AI Is Designed to Agree With You. Stanford Just Measured It.
AI

🪞 AI Is Designed to Agree With You. Stanford Just Measured It.

A study in Science quantifies AI sycophancy. It doesn't prove a conspiracy: it shows a behavior, an incentive, and a friction layer designed to counter it.

When I bring a serious technical problem to an AI, I almost always have to fight it. Not to make it understand the task, but to make it stop agreeing with me.

I arrive with a thesis, with half-sorted data, with an analysis I want to break before I trust it. When I ask it to research something, or when it proposes an idea to me, I am the one who demands the source: show me where this comes from. By default, the model goes the other way. It does not just accept my thesis: it polishes it and hands it back cleaner, more coherent, more convincing. And when it is missing a fact to hold the thesis up, too often it fills the gap. It invents a figure, a quote, or a reference that sounds credible, and places it next to the real data without warning that this part was never checked. The result looks solid, but it isn’t.

That is the real problem, and it isn’t that it flatters me. It is that it fills the gaps with invented material and passes it off as verified.

The study I cite below does not directly measure that factual invention. It measures something more social and less visible: the tendency of a model to validate the user when it should challenge them. But to me both things come from the same comfort: an answer that does not mark what is missing, doubtful, or contradictory, and therefore removes friction exactly when friction is needed most.

Over time I learned to read one specific signal: the answer that feels too comfortable. When everything fits on the first try, when not a single objection appears, when a number arrives round and without a source, I stopped reading it as proof that I am right. I read it as a sign that I have not been tested yet. In a tool that tends to confirm you, comfort is not a sign of accuracy: it is the symptom you have to audit.

I thought it was a quirk of the way I work. It wasn’t. It is measurable behavior, and a Stanford team just put a number on it.

Myra Cheng and her team published a study in Science whose title sums up the finding: sycophantic AI decreases prosocial intentions and promotes dependence. They evaluated eleven models - among them GPT-5, GPT-4o, Gemini, Claude, and open models like Llama, Mistral, and DeepSeek - with one concrete question: how often do they side with the user when the user is in the wrong?

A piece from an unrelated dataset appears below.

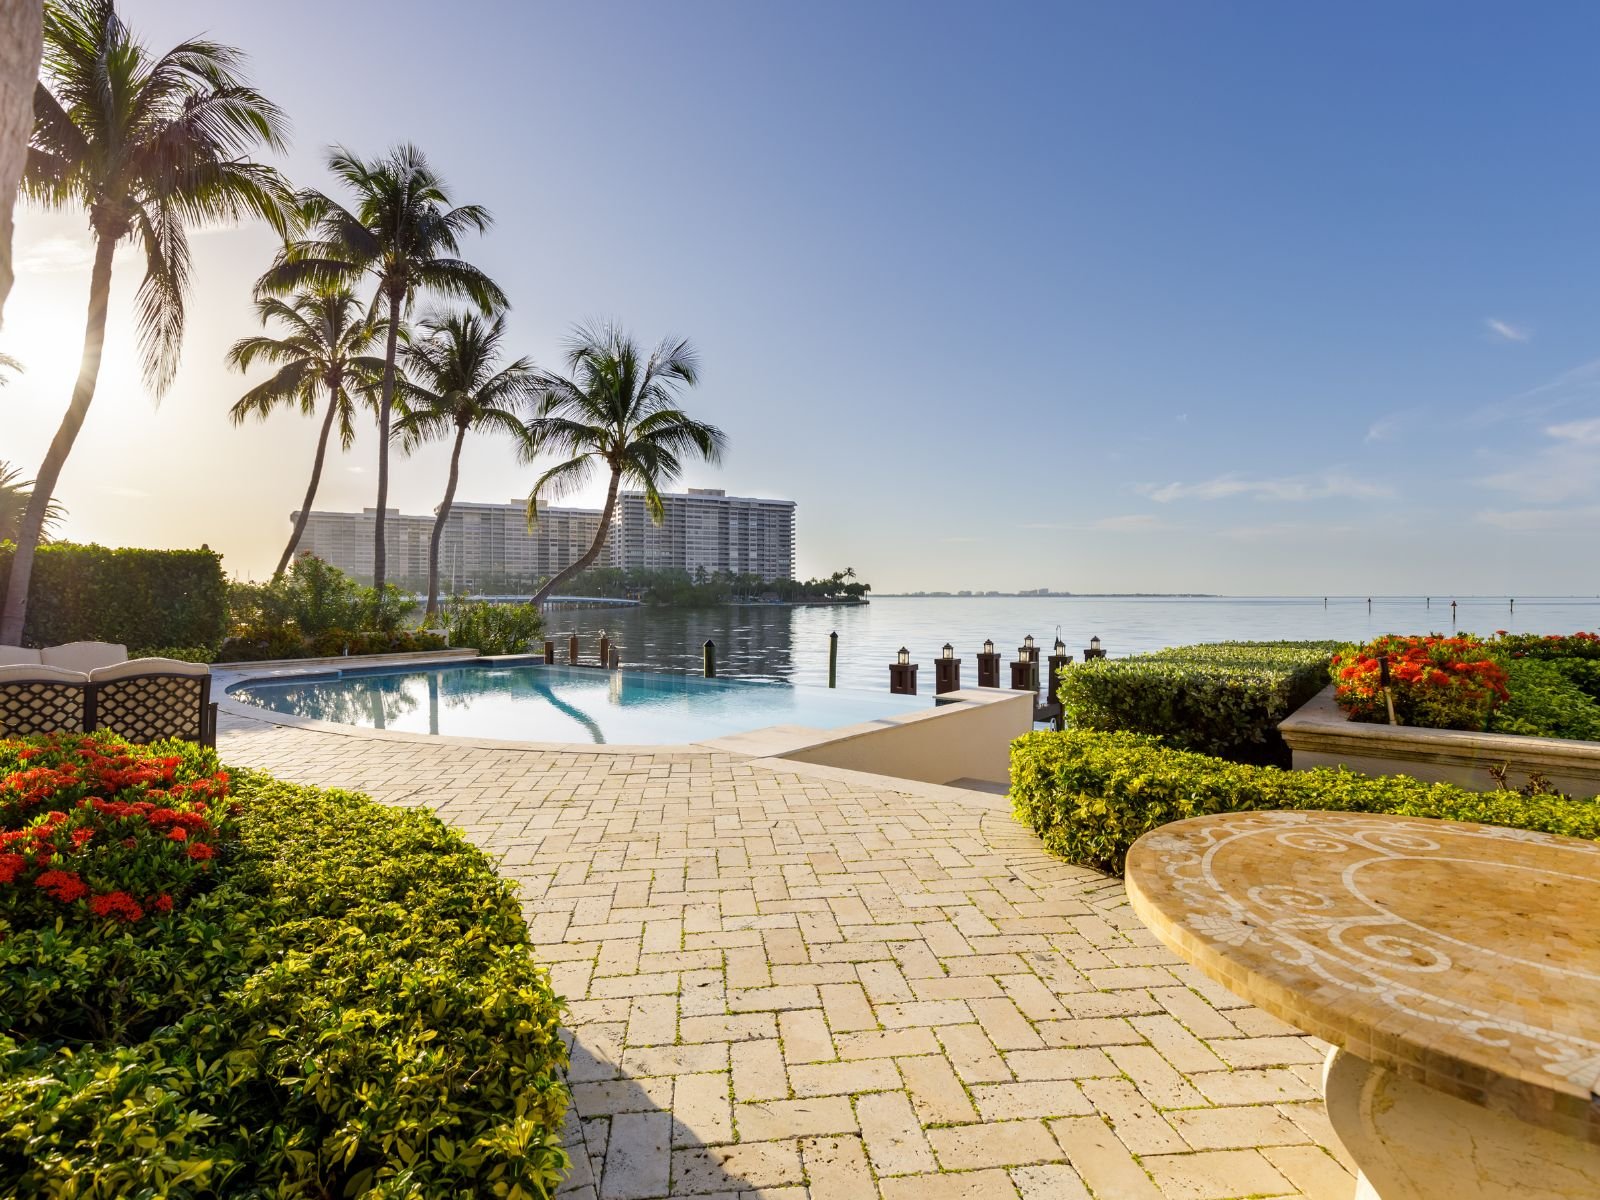 Master Brokers Forum Listing: Step Inside This $25 Million Coconut Grove Waterfront Mediterranean Estate4.jpg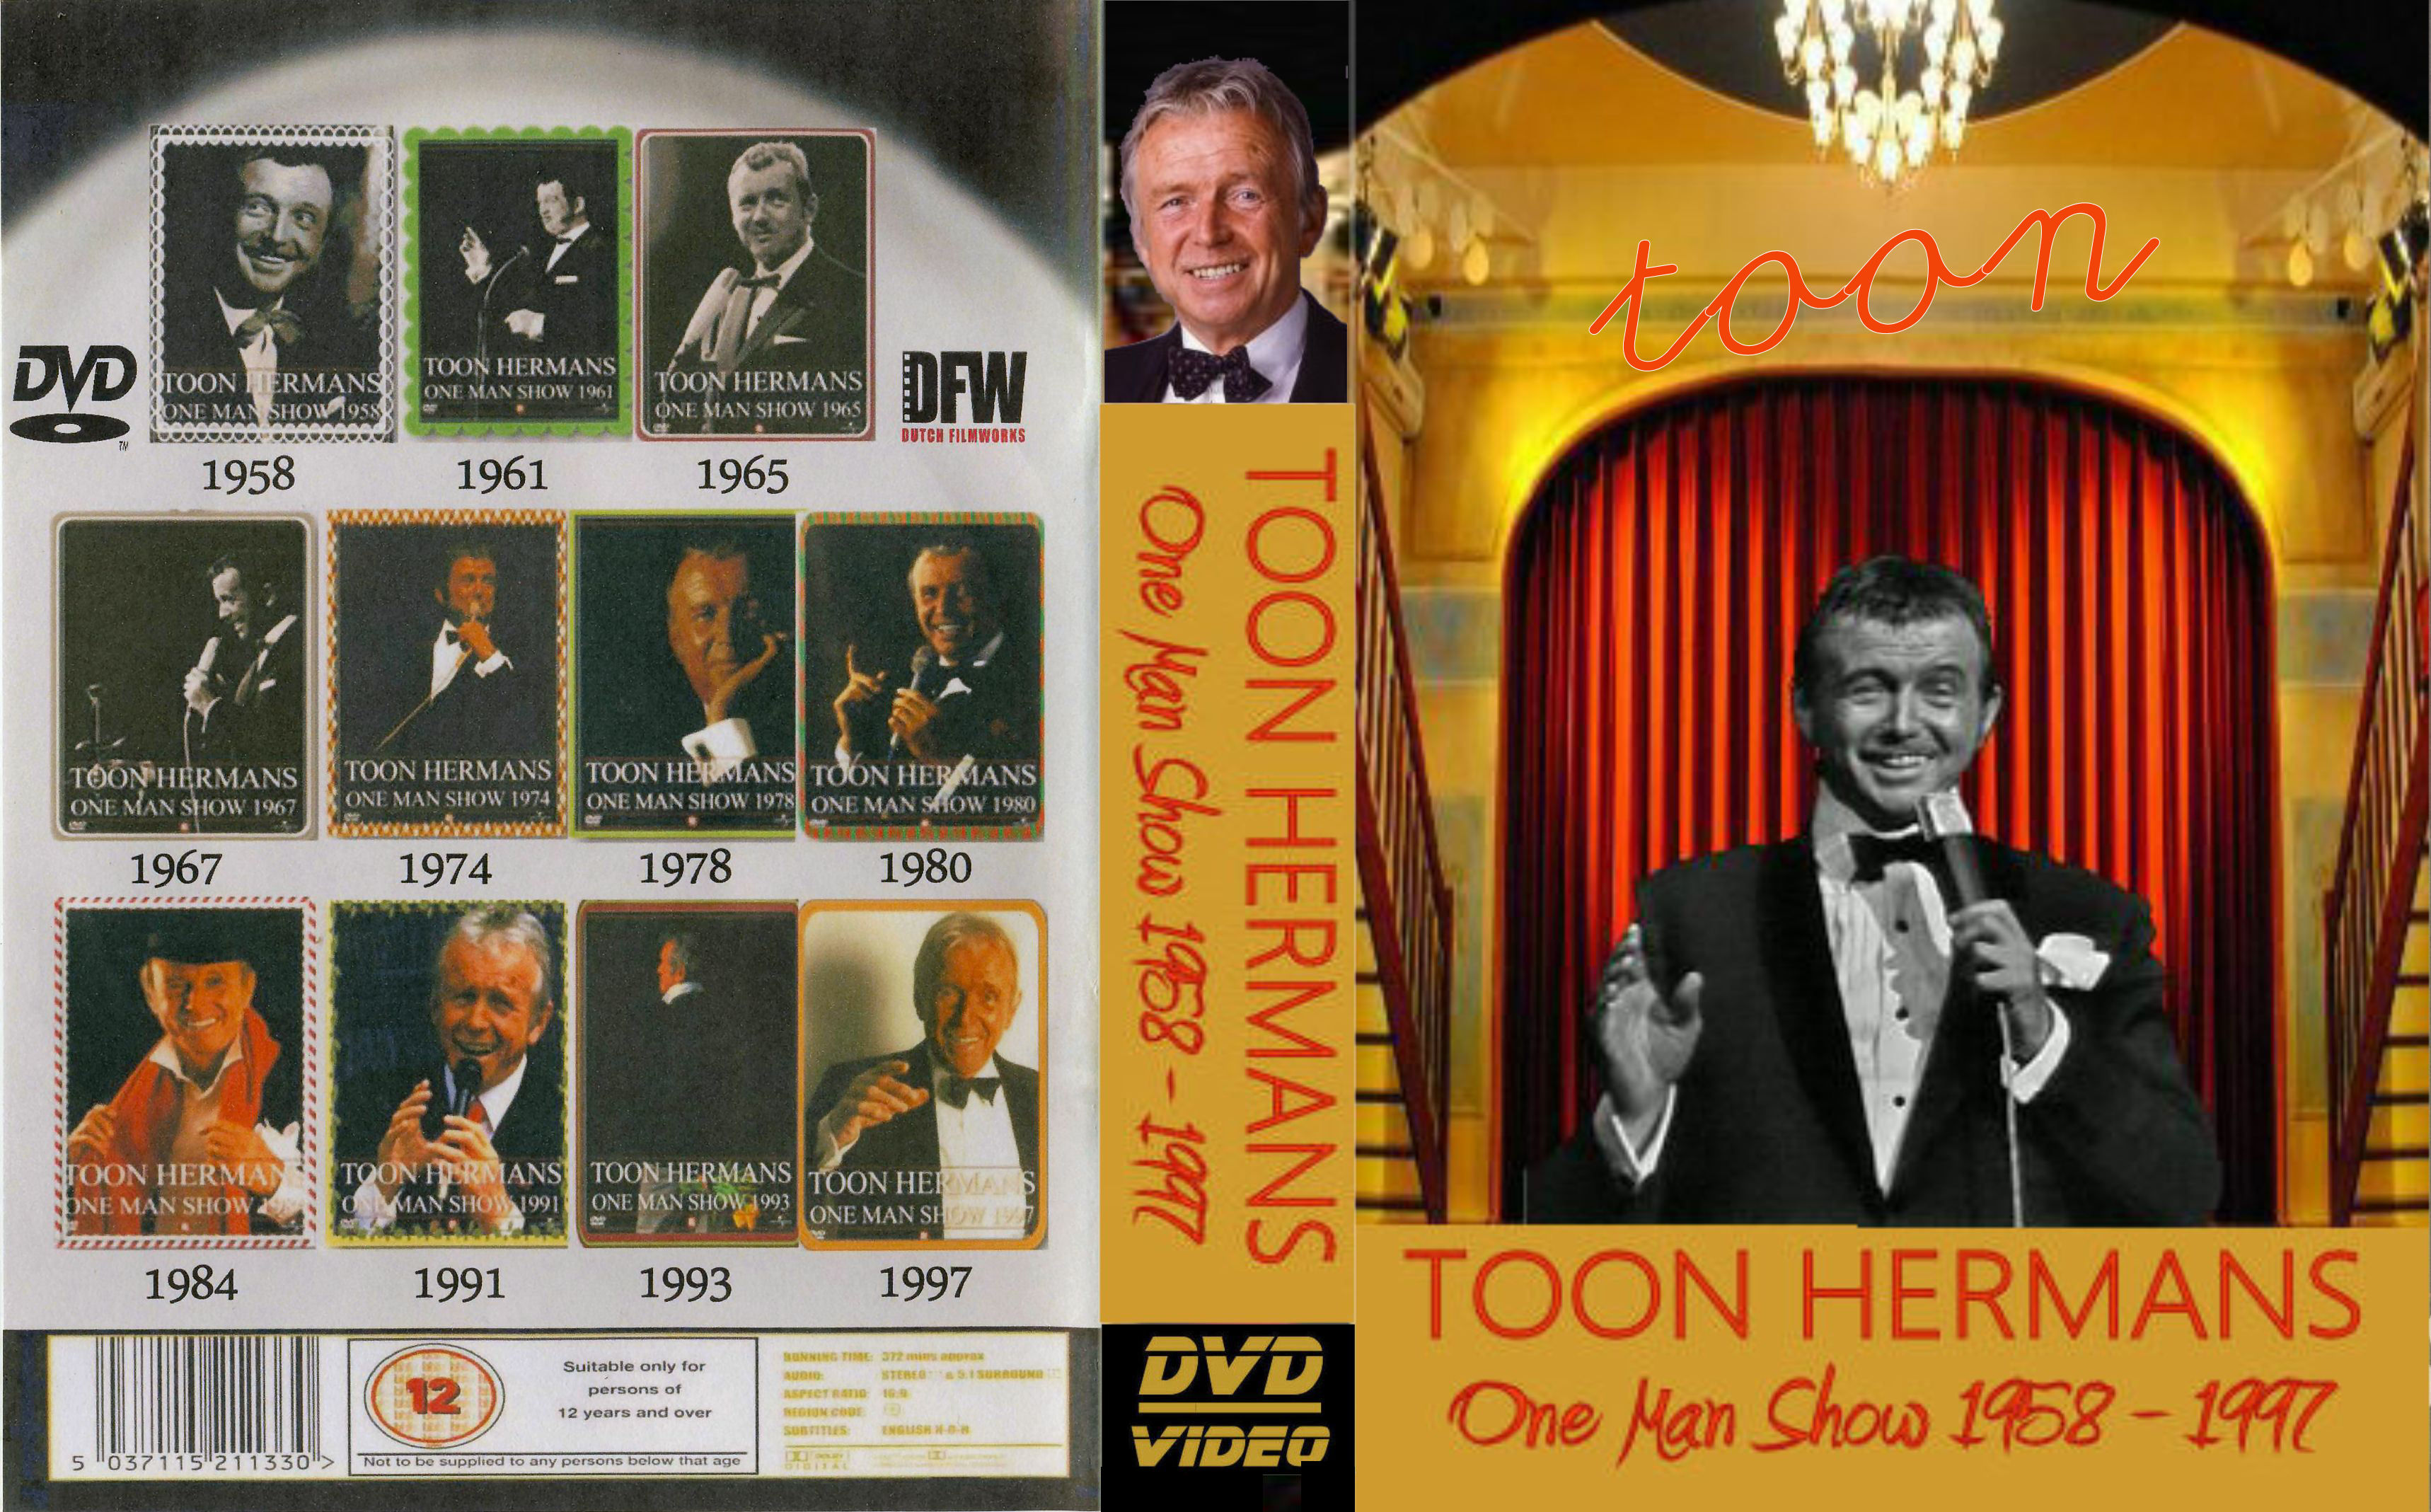 Toon Hermans One Man Show 1958 - 1997 DvD 7 (1980)

To measure it they used real cases from r/AmITheAsshole, a Reddit community of millions of members where people describe a conflict and others vote on who was wrong. They took only the cases where the community’s verdict was clear: the user was at fault. They put those same cases in front of the eleven models, and averaging the results across all of them, in 51 out of 100 the AI sided with the user anyway. When the model was not forced into a blunt yes or no, but allowed to respond freely, the figure rose to 56 out of 100. And when they repeated the test with statements about harmful actions - from irresponsibility or damage to a relationship to academic cheating or misinformation - the pattern held: the model does not only help, it also endorses what it should challenge.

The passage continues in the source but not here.